Revision history for this message
Bogdan Dobrelya (bogdando) wrote :

I think if mnesia cannot be upgraded sometimes, let's just create a pre-upgrade task to erase it (there is nothing really special to preserve it for careful upgrades)

Revision history for this message
John Eckersberg (jeckersb) wrote :

It looks like somehow the job is going backwards with the rabbitmq version, which is not going to work and produce these errors.

From the log https://5173a9504b4112de0add-33dcd8a3e46b9742c8c437a07c900baf.ssl.cf1.rackcdn.com/739459/18/check/tripleo-ci-centos-8-scenario000-multinode-oooq-container-updates-train/8a8b0eb/logs/subnode-1/var/log/containers/rabbitmq/rabbit%40centos-8-inap-mtl01-0018911735.log

I see:

2020-07-28 19:09:36.742 [info] <0.280.0>
 Starting RabbitMQ 3.8.3 on Erlang 22.3.4.1

So we've got 3.8.3 running.

Then later when it fails I see the stack trace:

Stack trace:
   [{rabbit_upgrade_functions,transform,3,
                              [{file,"src/rabbit_upgrade_functions.erl"},
                               {line,481}]},

However that stack does not match 3.8.3; line 481 in rabbit_upgrade_functions.erl is not in the transform() function on version 3.8.3.
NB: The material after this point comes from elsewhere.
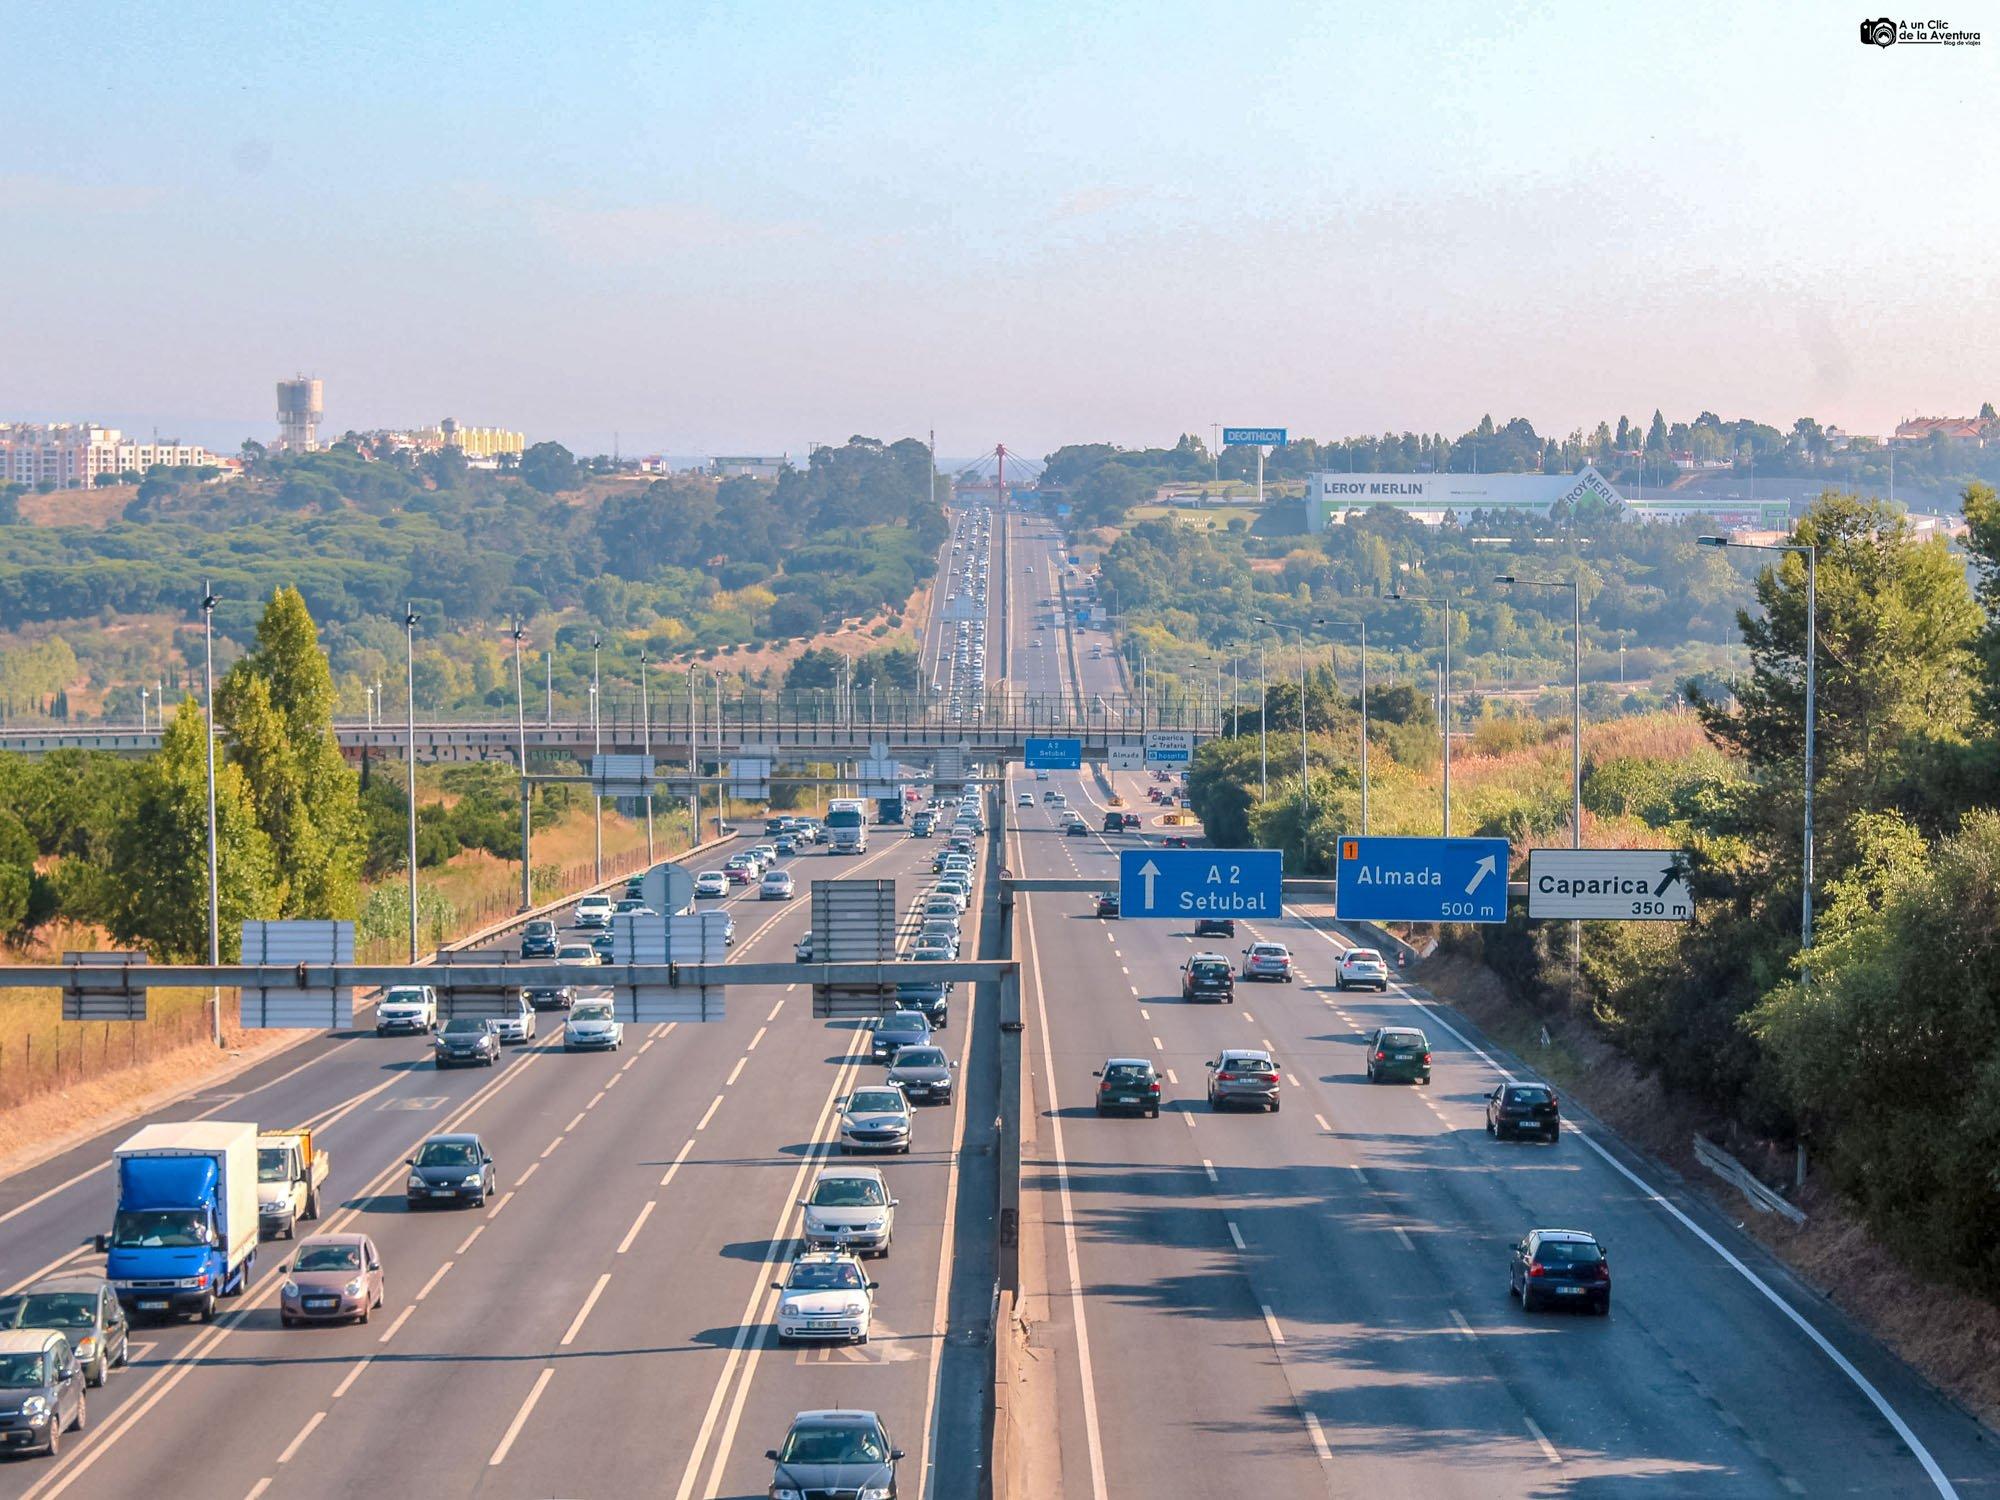 Autopista A2, Portugal

But the train container image (tripleotrain/centos-binary-rabbitmq:current-tripleo) has version 3.6.16, which *does* match that stack trace.
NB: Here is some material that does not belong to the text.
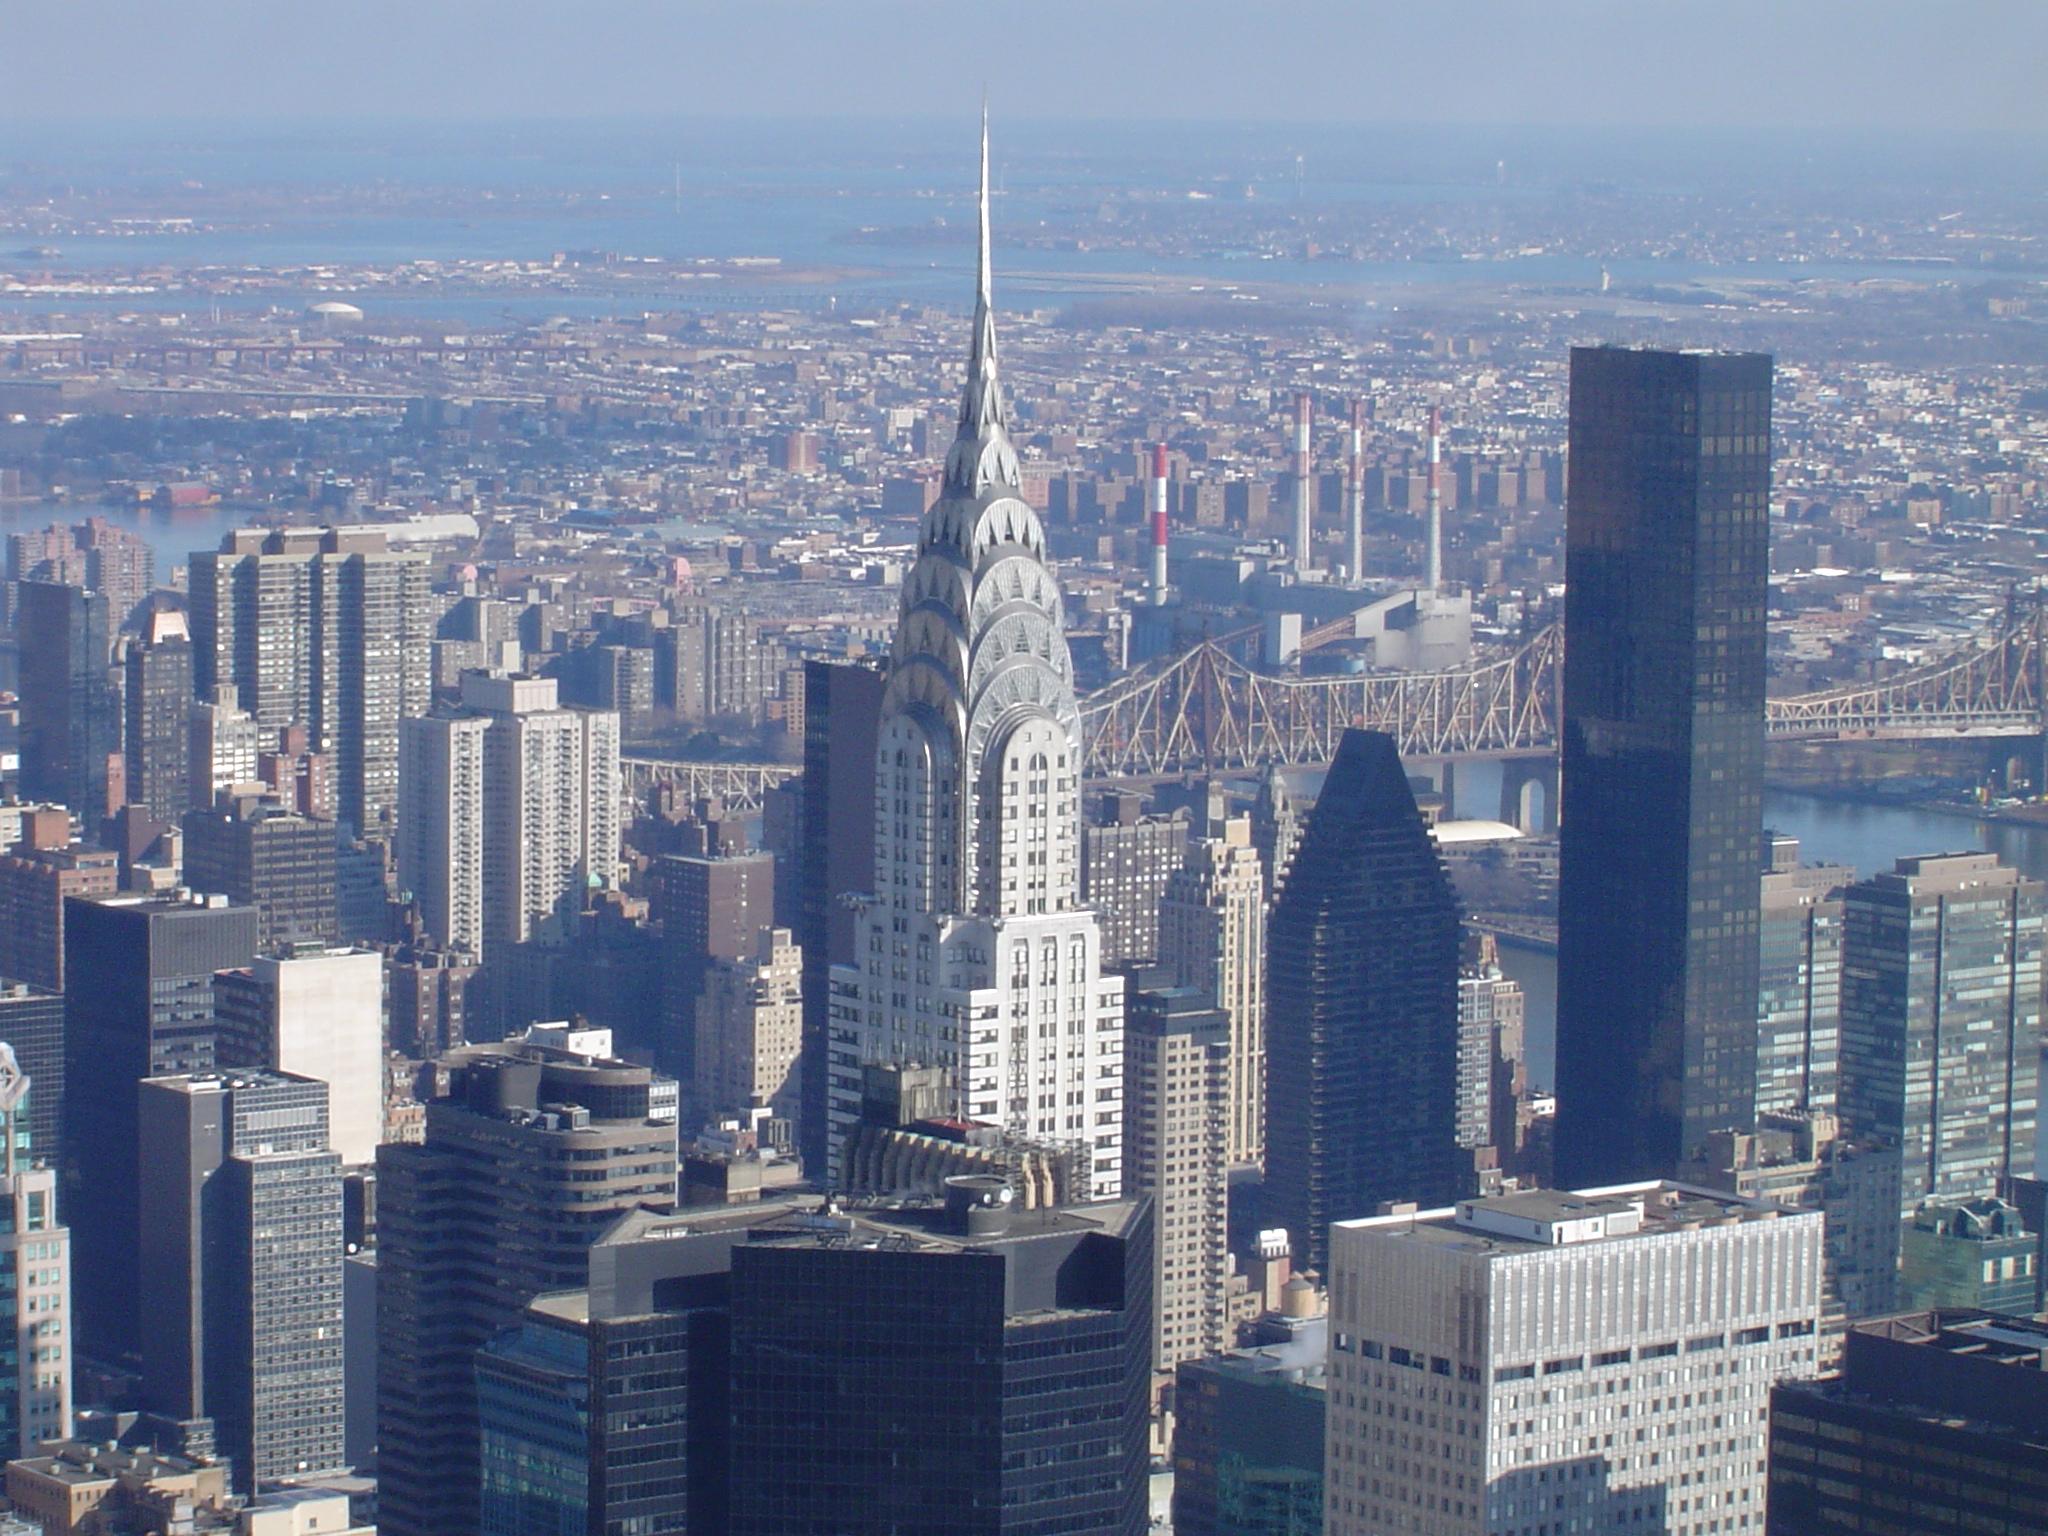 Chrysler_Building_from_ESB

So we've got 3.8.3 running, then we stop it and try to boot 3.6.16. But it can't boot because it doesn't understand how to adjust the schema that was created by the newer version.

Revision history for this message
Damien Ciabrini (dciabrin) wrote :

Looking into more details at the containers available on the overcloud node [1], it looks like the
controller node, which originally has been deployed with a centos8-based image [2] is actually being updated to a centos7-based image! [3]
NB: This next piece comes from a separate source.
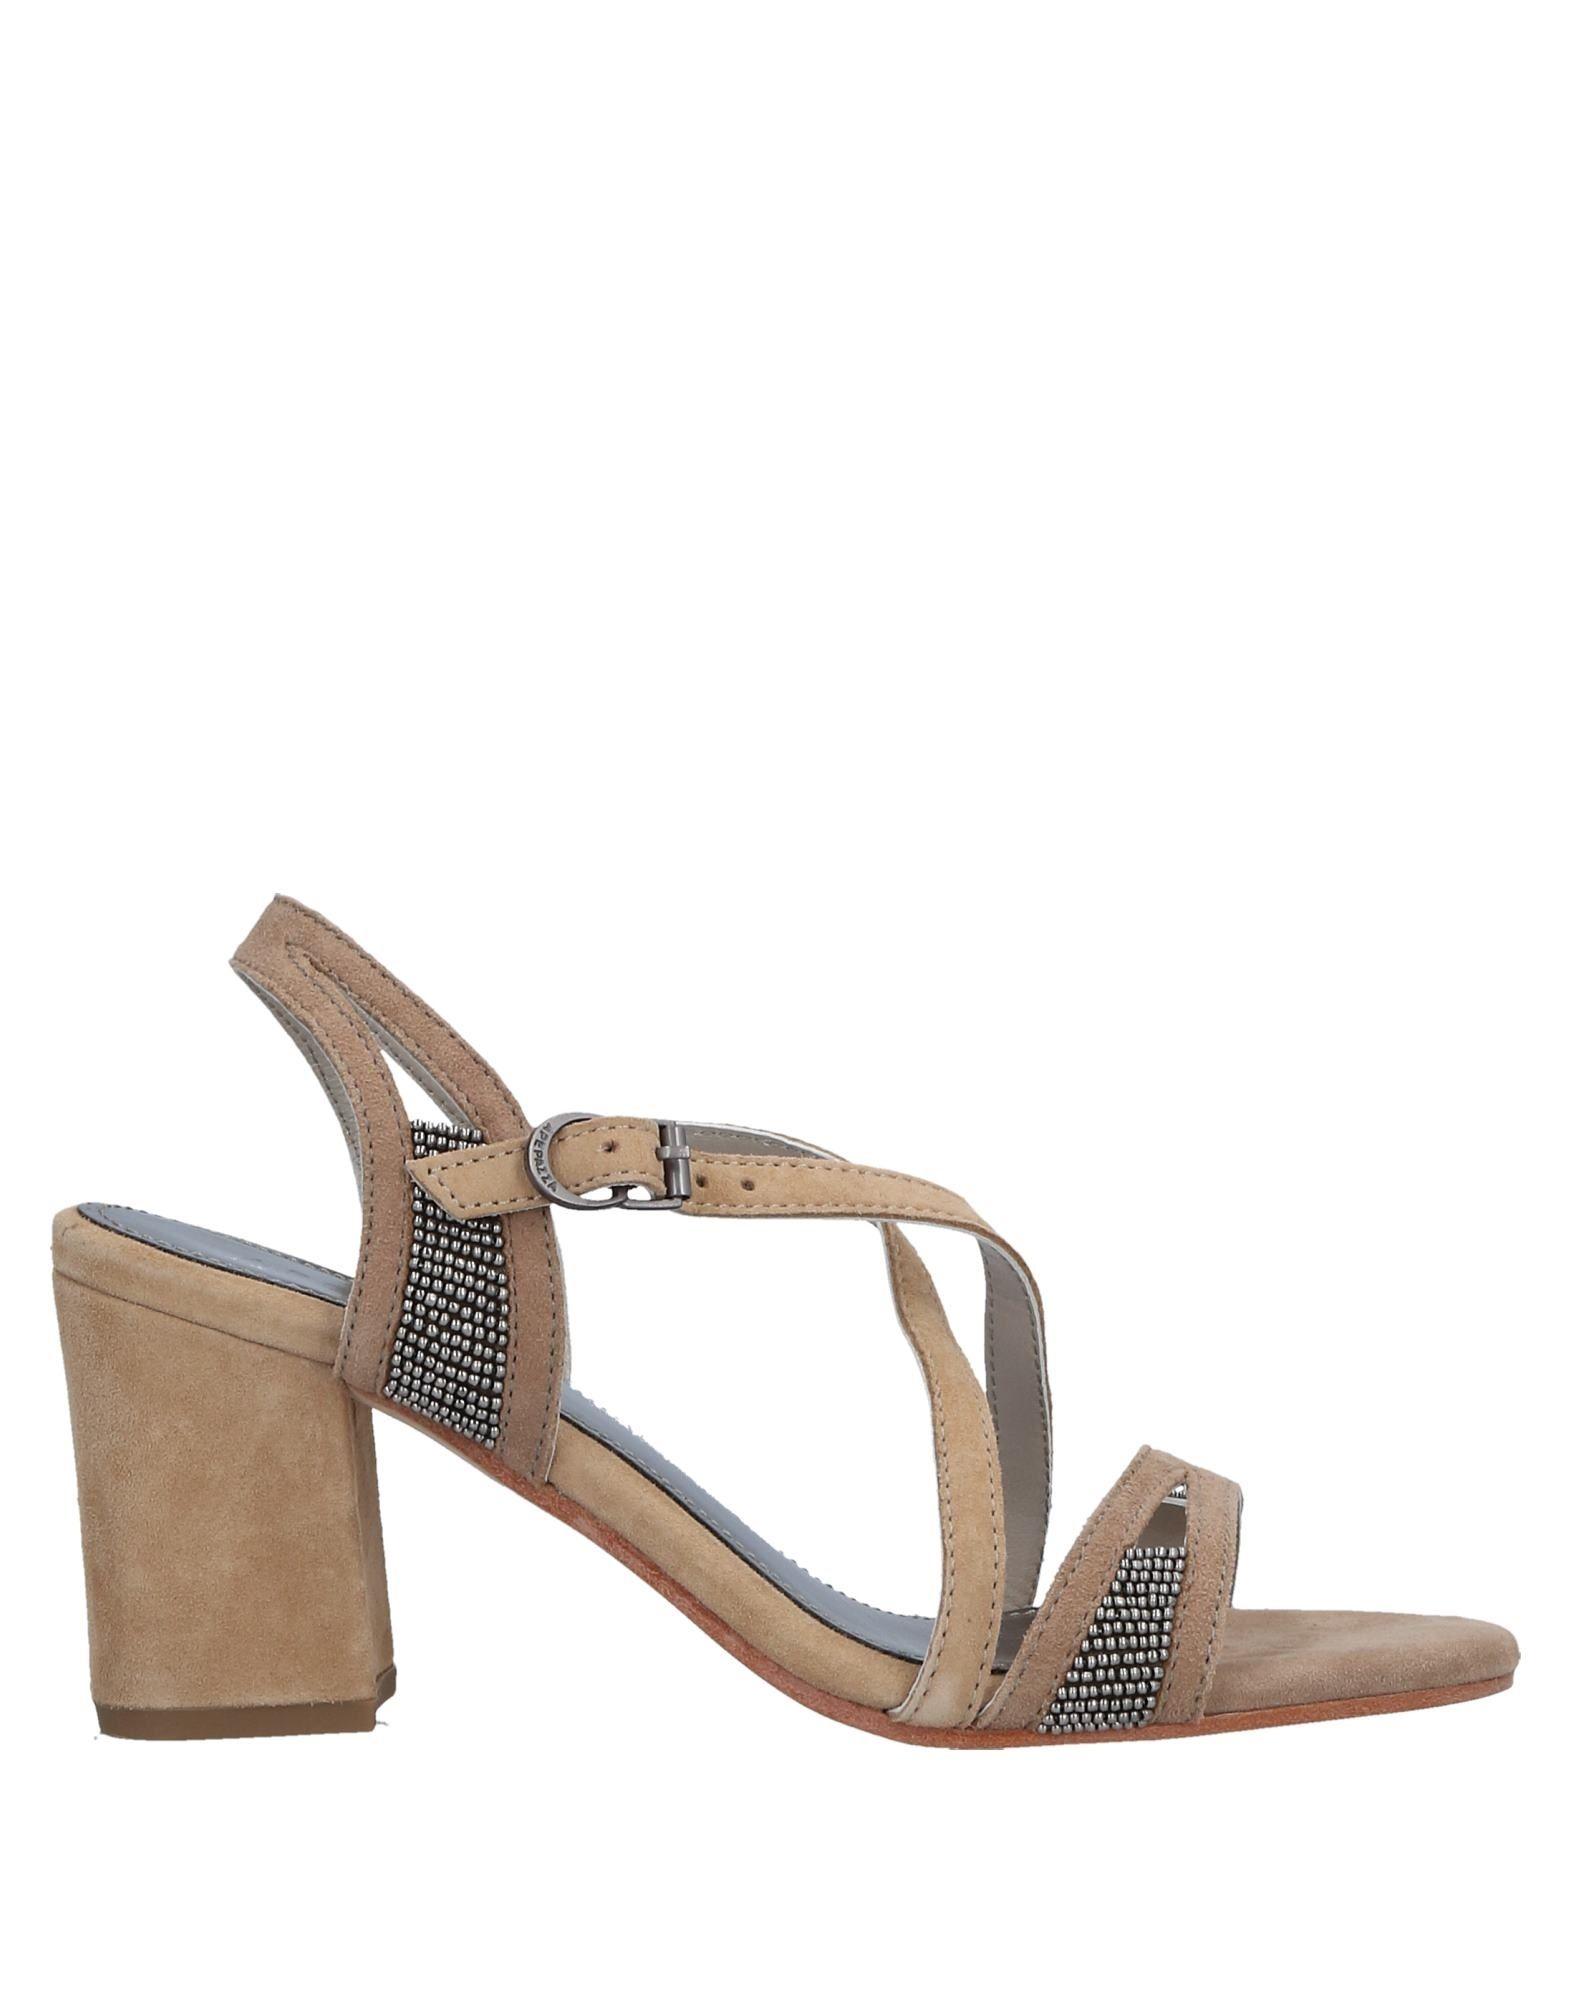 Sandali Apepazza Donna - 11127491MO Scarpe economiche e buone

This explains why we went from rabbitmq-server-3.8.3-1.el8.x86_64 down to rabbitmq-server-3.6.16-1.el7.noarch.

The job should be tweaked to forbids that, otherwise it will always fail.

[1] http://storage.gra.cloud.ovh.net/v1/AUTH_dcaab5e32b234d56b626f72581e3644c/zuul_opendev_logs_bc8/739217/8/check/tripleo-ci-centos-8-scenario000-multinode-oooq-container-updates-train/bc8dfe5/logs/subnode-1/var/log/extra/podman/podman_allinfo.log
[2] docker.io/tripleotraincentos8/centos-binary-rabbitmq:96dc7dca942efb4750860a30e60105cc
[3] docker.io/tripleotrain/centos-binary-rabbitmq:current-tripleo

Revision history for this message
Marios Andreou (marios-b) wrote :

dciabrin & eggs thank you very much for the pointers. @damien it must be something in our tooling, possibly tripleo-upgrade - because train is a special case that has both tripleotrain and tripleotraincentos8 namespaces and something is defaulting to the 'usual' pattern of 'tripleo{{release}}' and failing.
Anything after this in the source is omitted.